§ Task directions
Where a picture appears in the data below, exclude it; restate everything else word for word.

§ Material provided
------
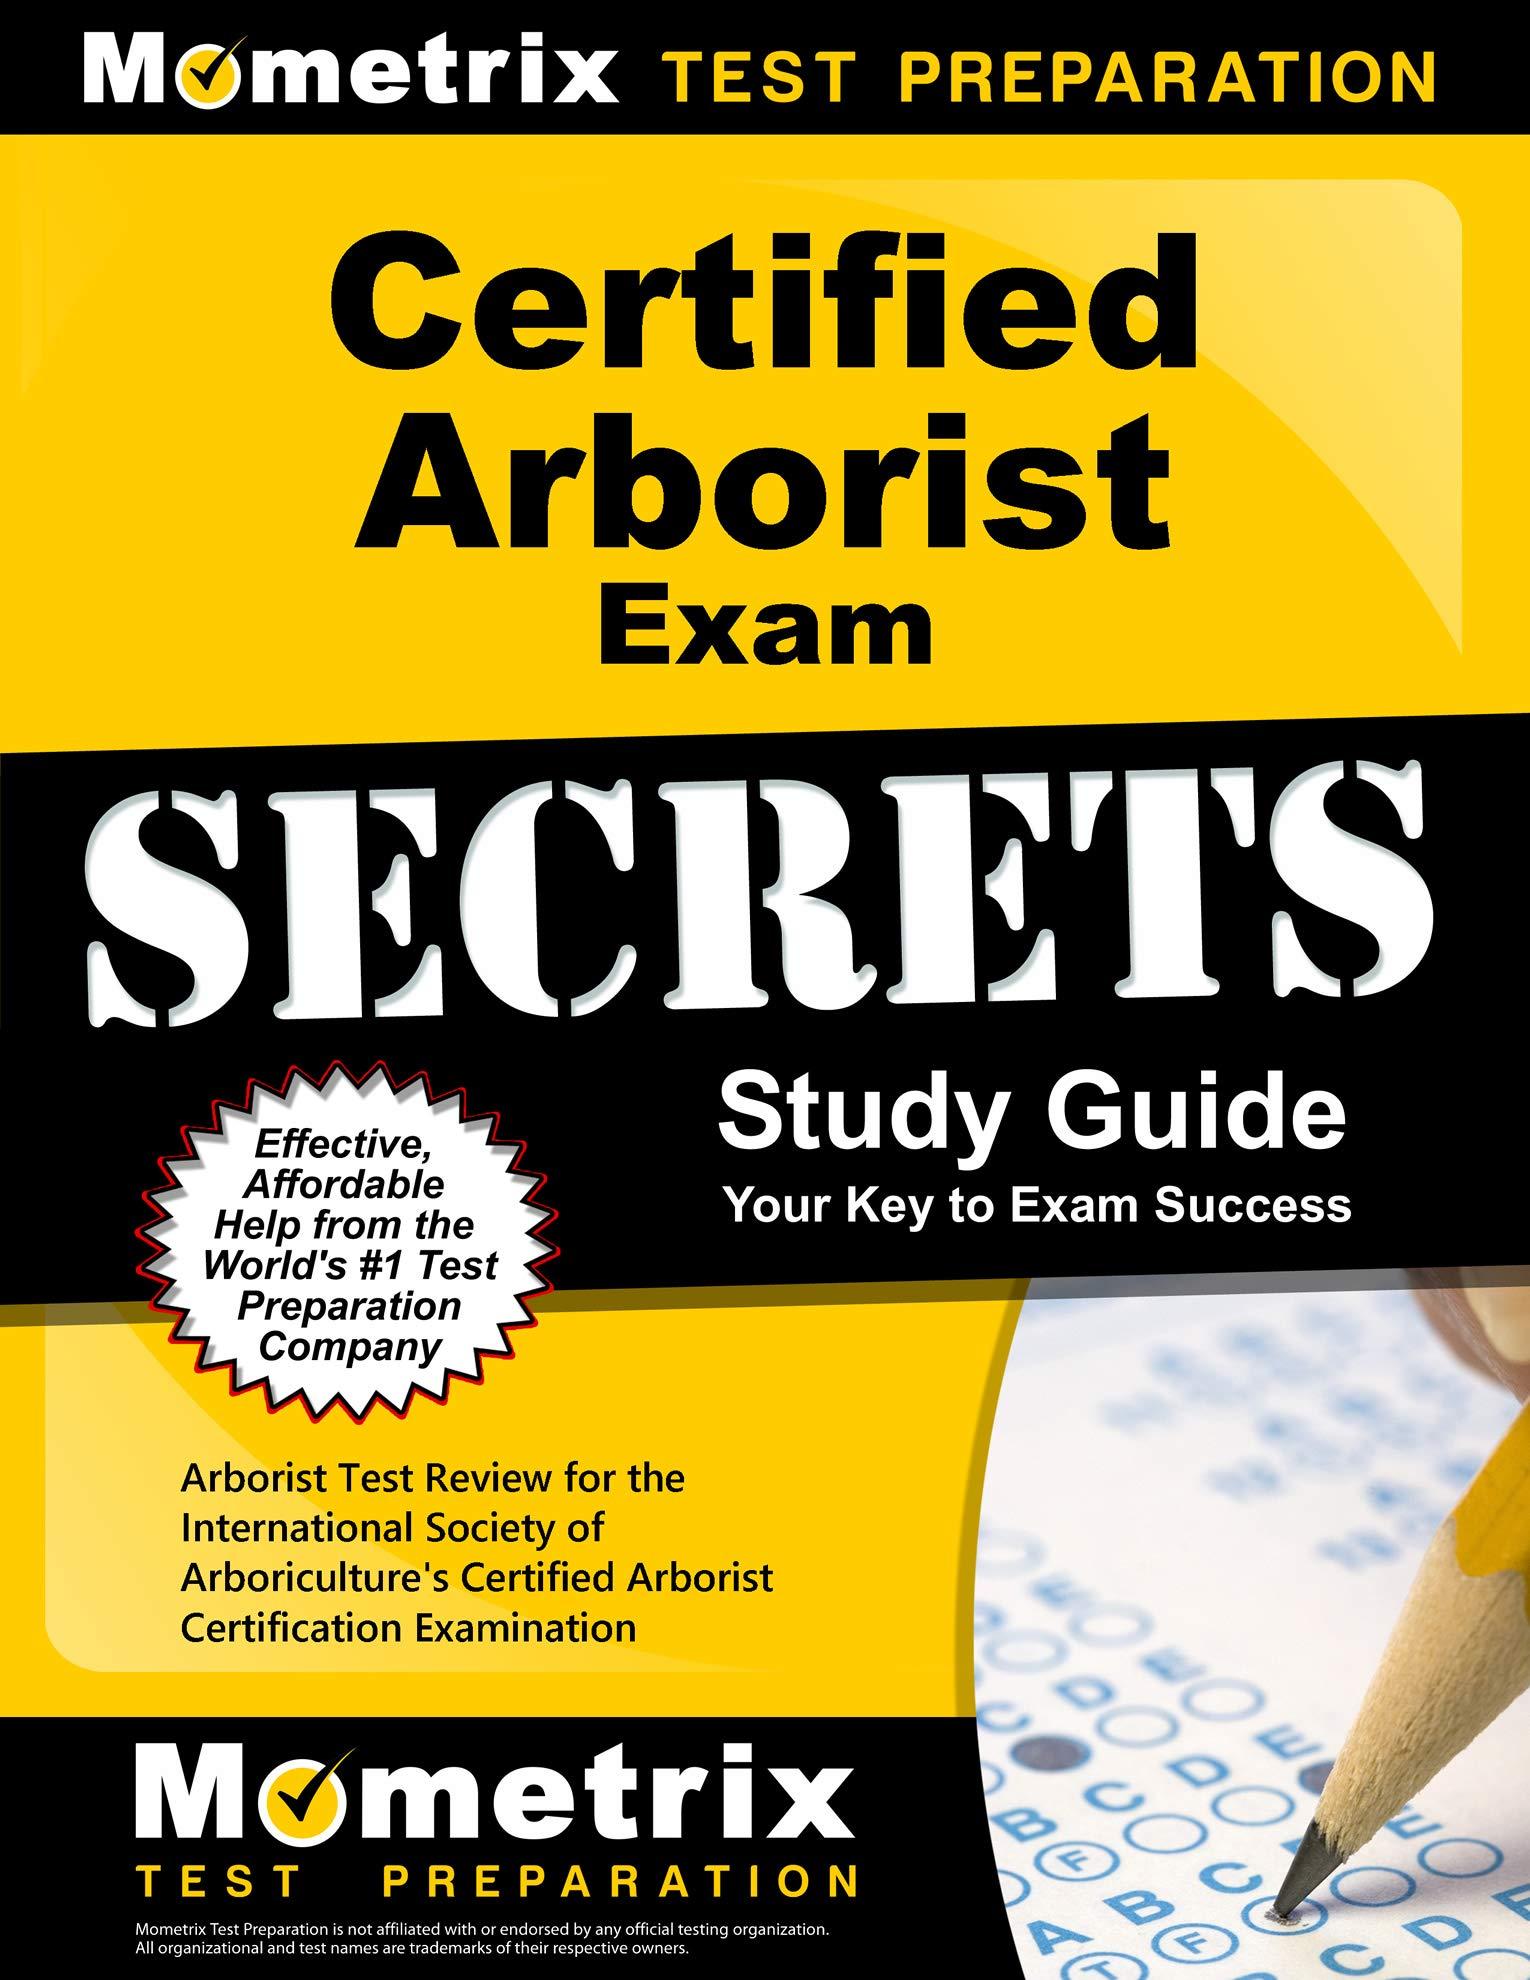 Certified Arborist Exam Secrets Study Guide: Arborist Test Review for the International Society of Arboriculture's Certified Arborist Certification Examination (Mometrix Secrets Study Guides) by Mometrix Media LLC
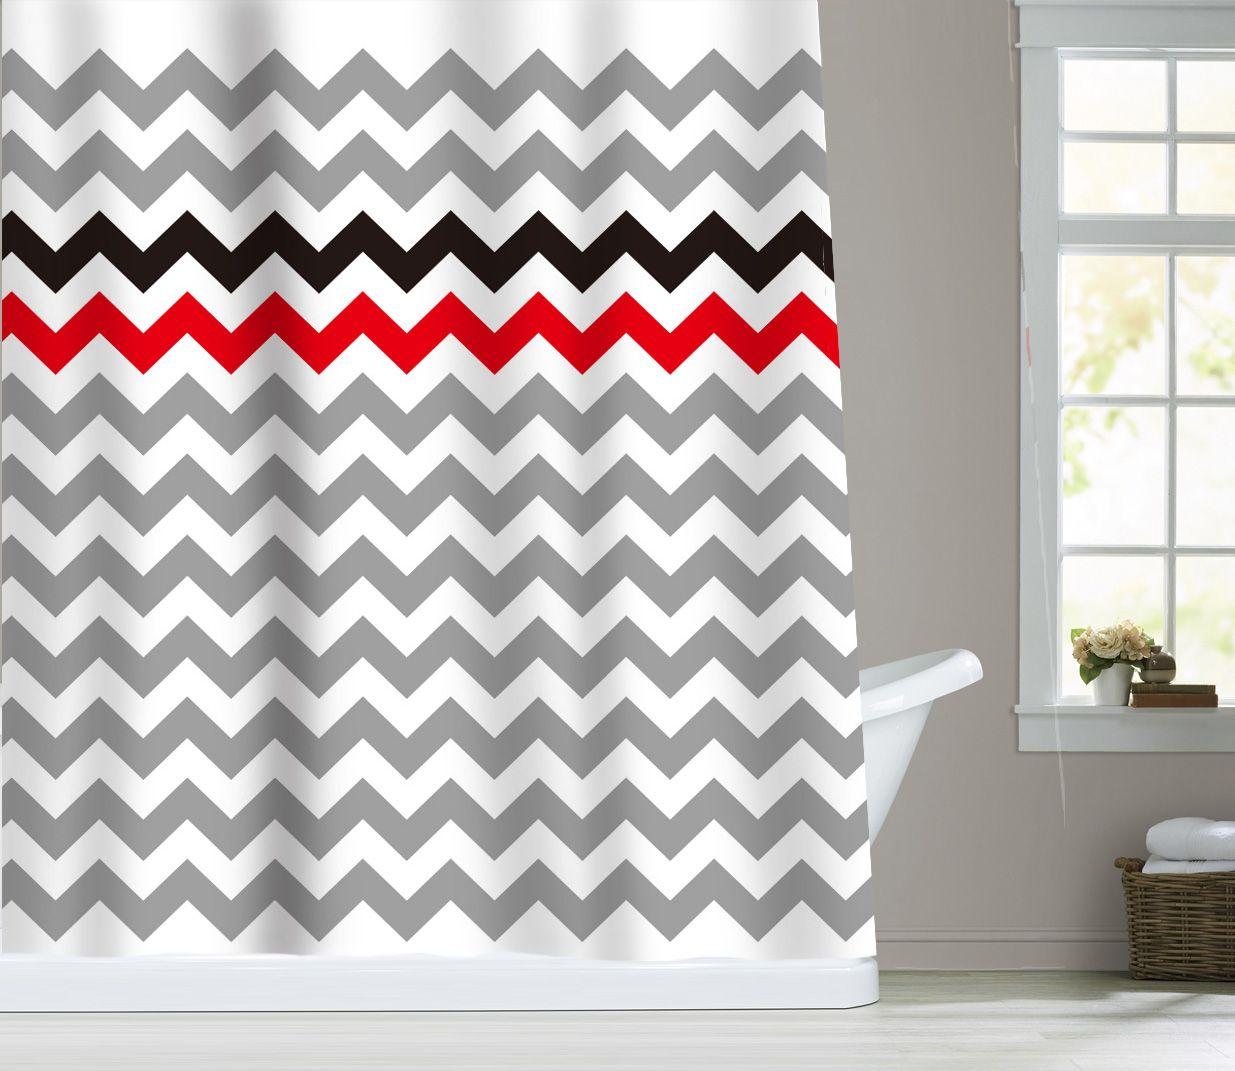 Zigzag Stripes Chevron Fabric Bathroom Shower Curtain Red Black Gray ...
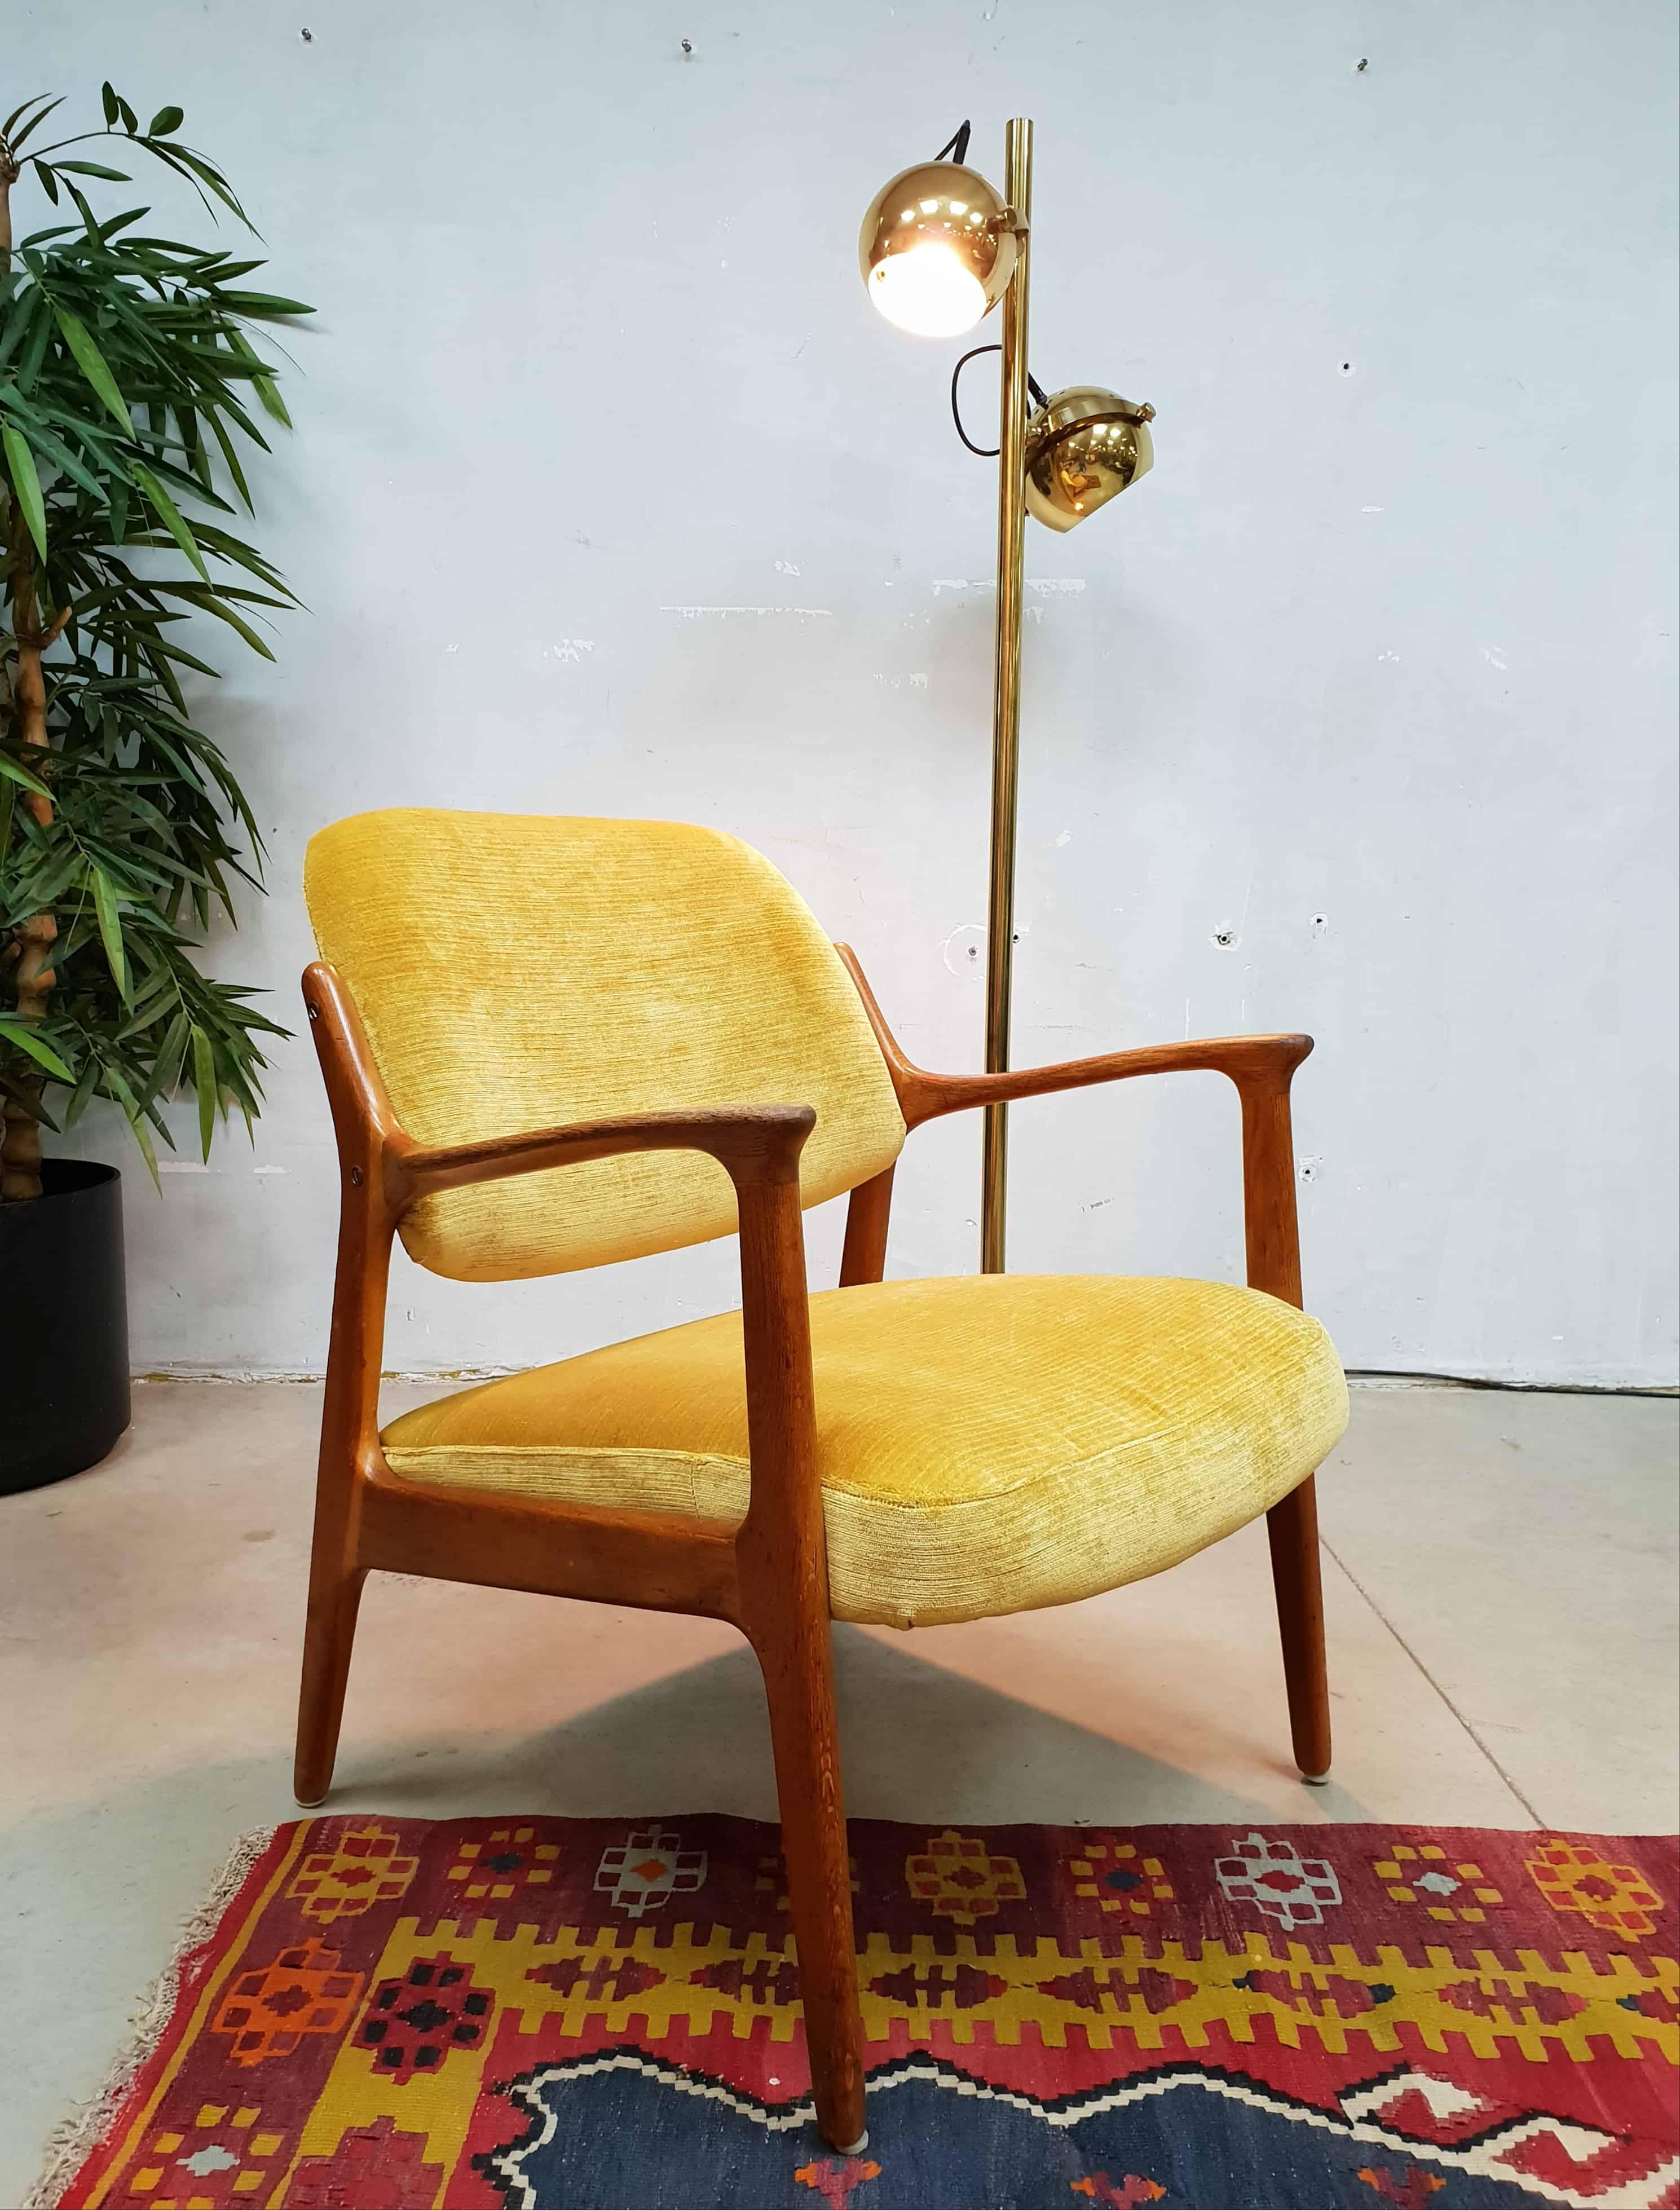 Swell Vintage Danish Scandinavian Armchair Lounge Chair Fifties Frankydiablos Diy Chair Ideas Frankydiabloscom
------
§ Solution to the exercise
 Certified Arborist Exam Secrets Study Guide: Arborist Test Review for the International Society of Arboriculture's Certified Arborist Certification Examination (Mometrix Secrets Study Guides) by Mometrix Media LLC
 Zigzag Stripes Chevron Fabric Bathroom Shower Curtain Red Black Gray ...
 Swell Vintage Danish Scandinavian Armchair Lounge Chair Fifties Frankydiablos Diy Chair Ideas Frankydiabloscom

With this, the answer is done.